Task prompt —
Retype the whole listing, please, keeping every line exact and dropping the pictures.

Given information —
▽
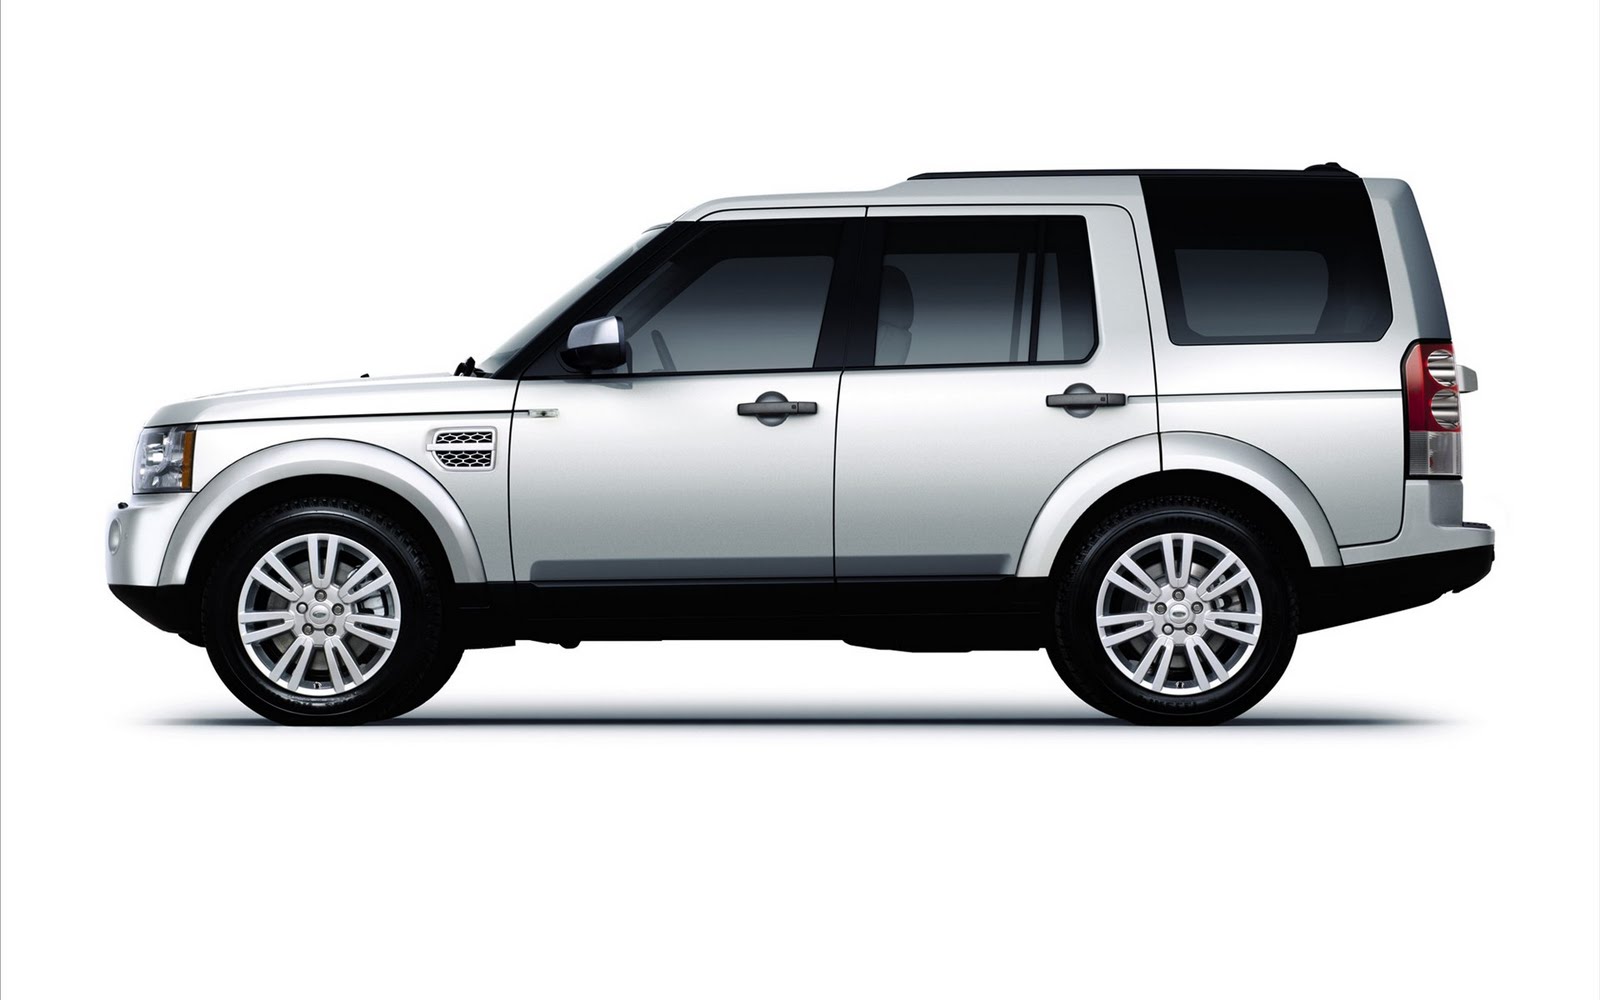 2016 Land Rover Range Rover Evoque Photos and Info  - 2016 land rover range rover hybrid wallpapers
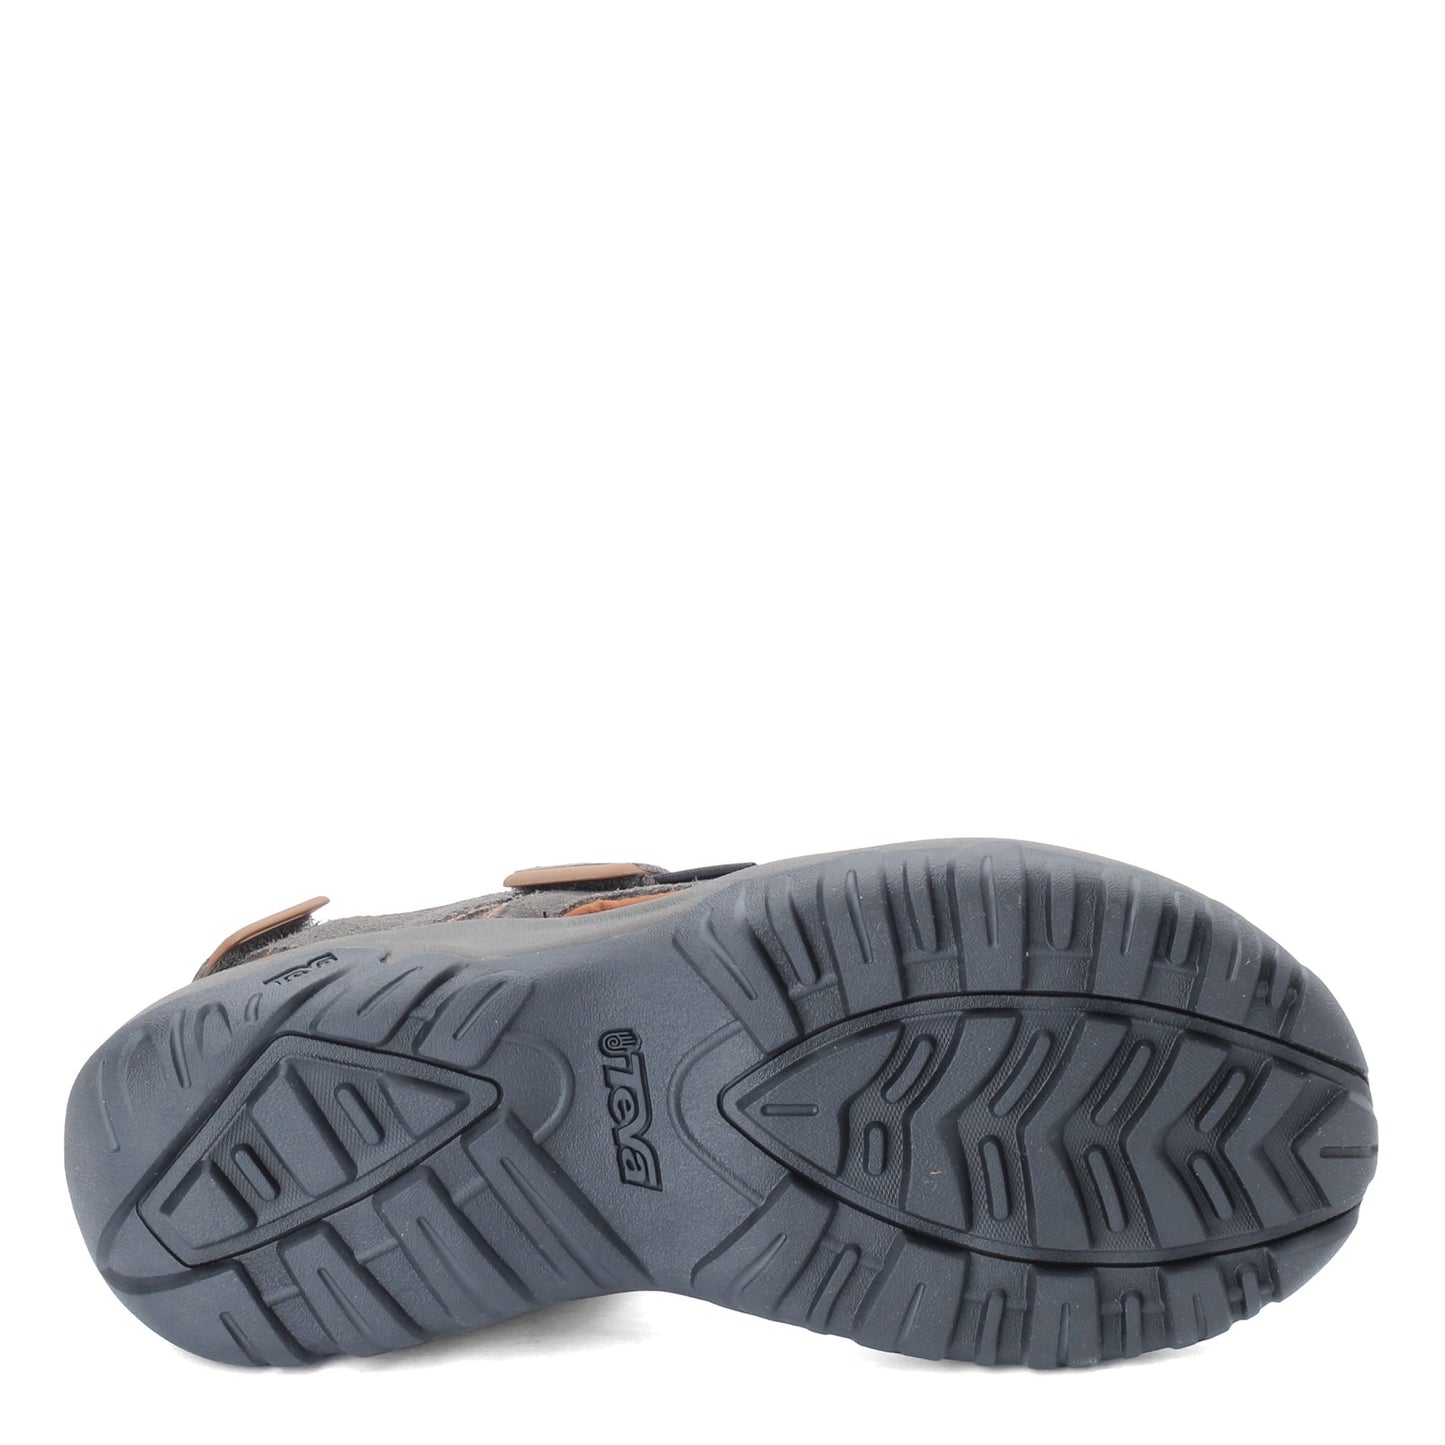 Peltz Shoes  Men's Teva Katavi 2 Sandal BLACK OLIVE 1019192-BLKO
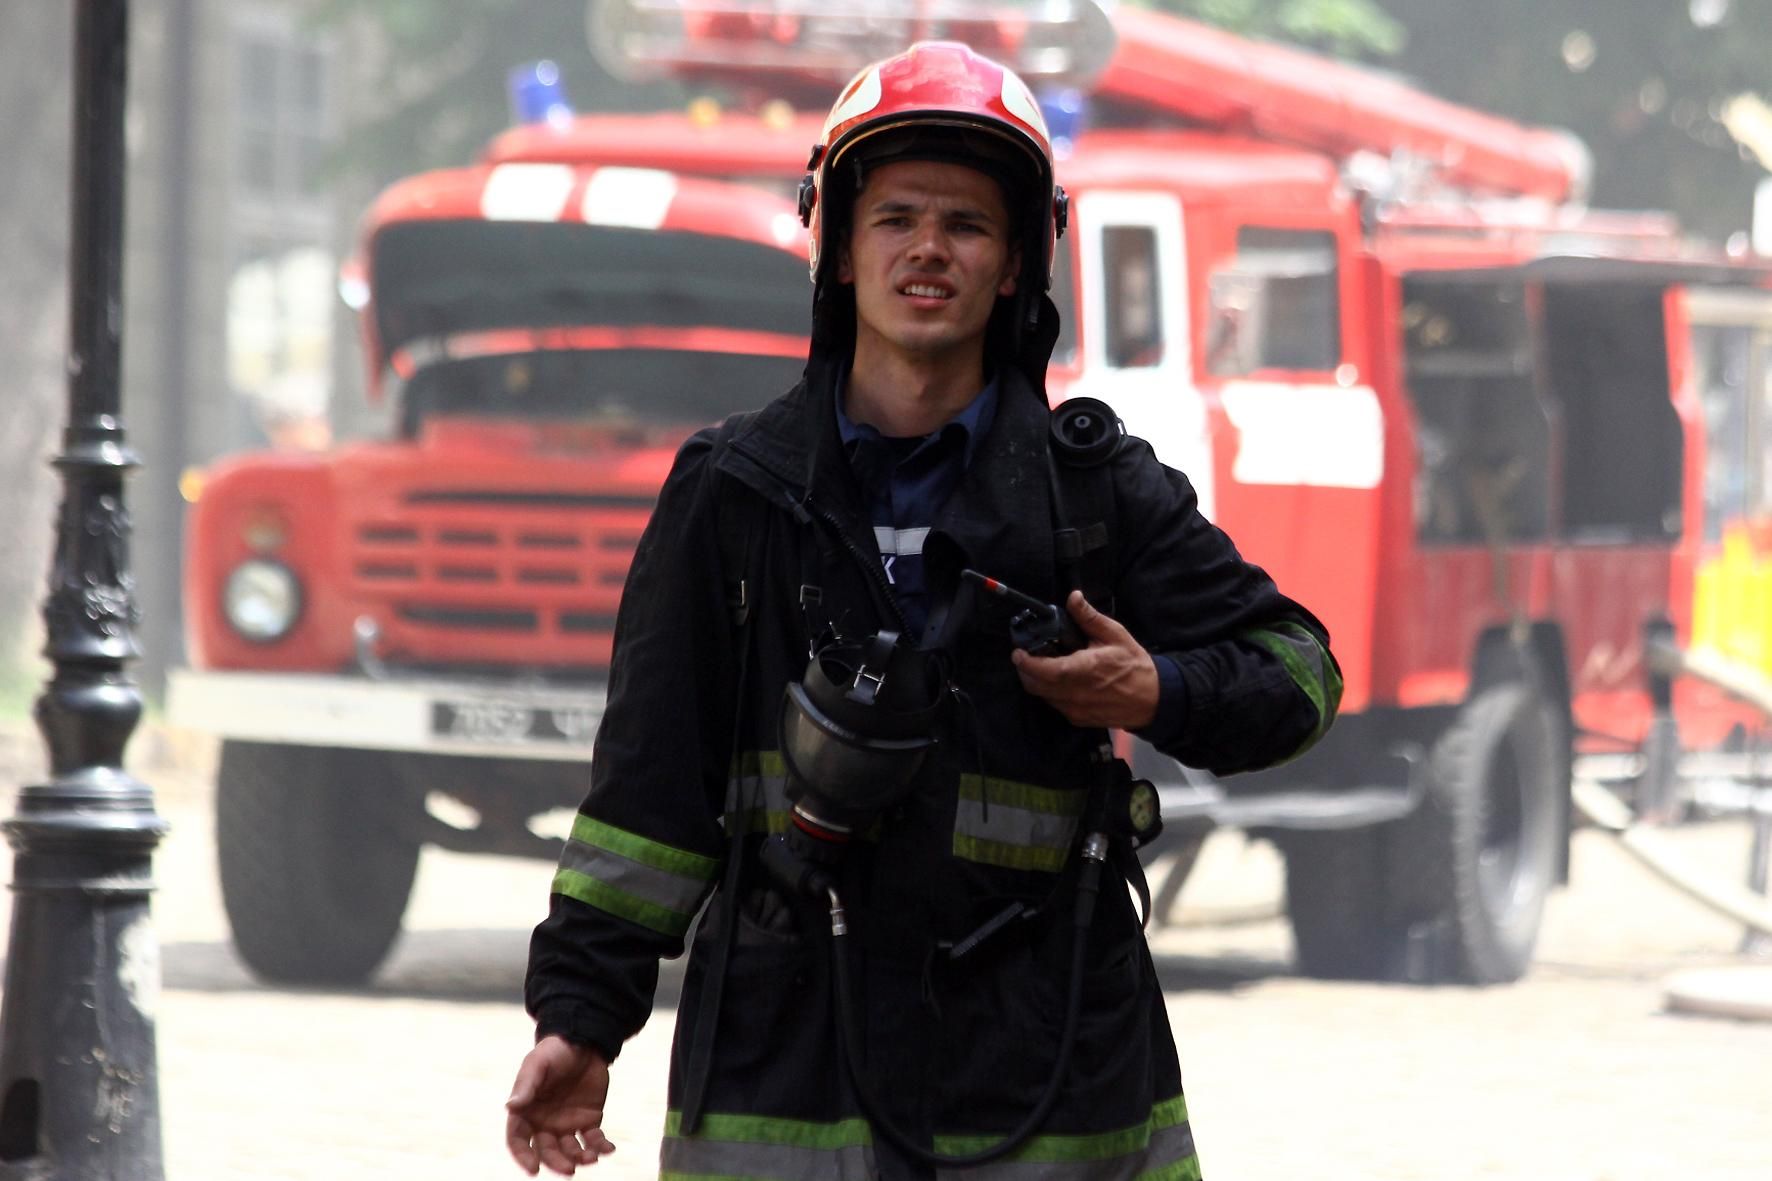 В центре Киева вспыхнул пожар
△
Task solution —
 2016 Land Rover Range Rover Evoque Photos and Info  - 2016 land rover range rover hybrid wallpapers
 Peltz Shoes  Men's Teva Katavi 2 Sandal BLACK OLIVE 1019192-BLKO
 В центре Киева вспыхнул пожар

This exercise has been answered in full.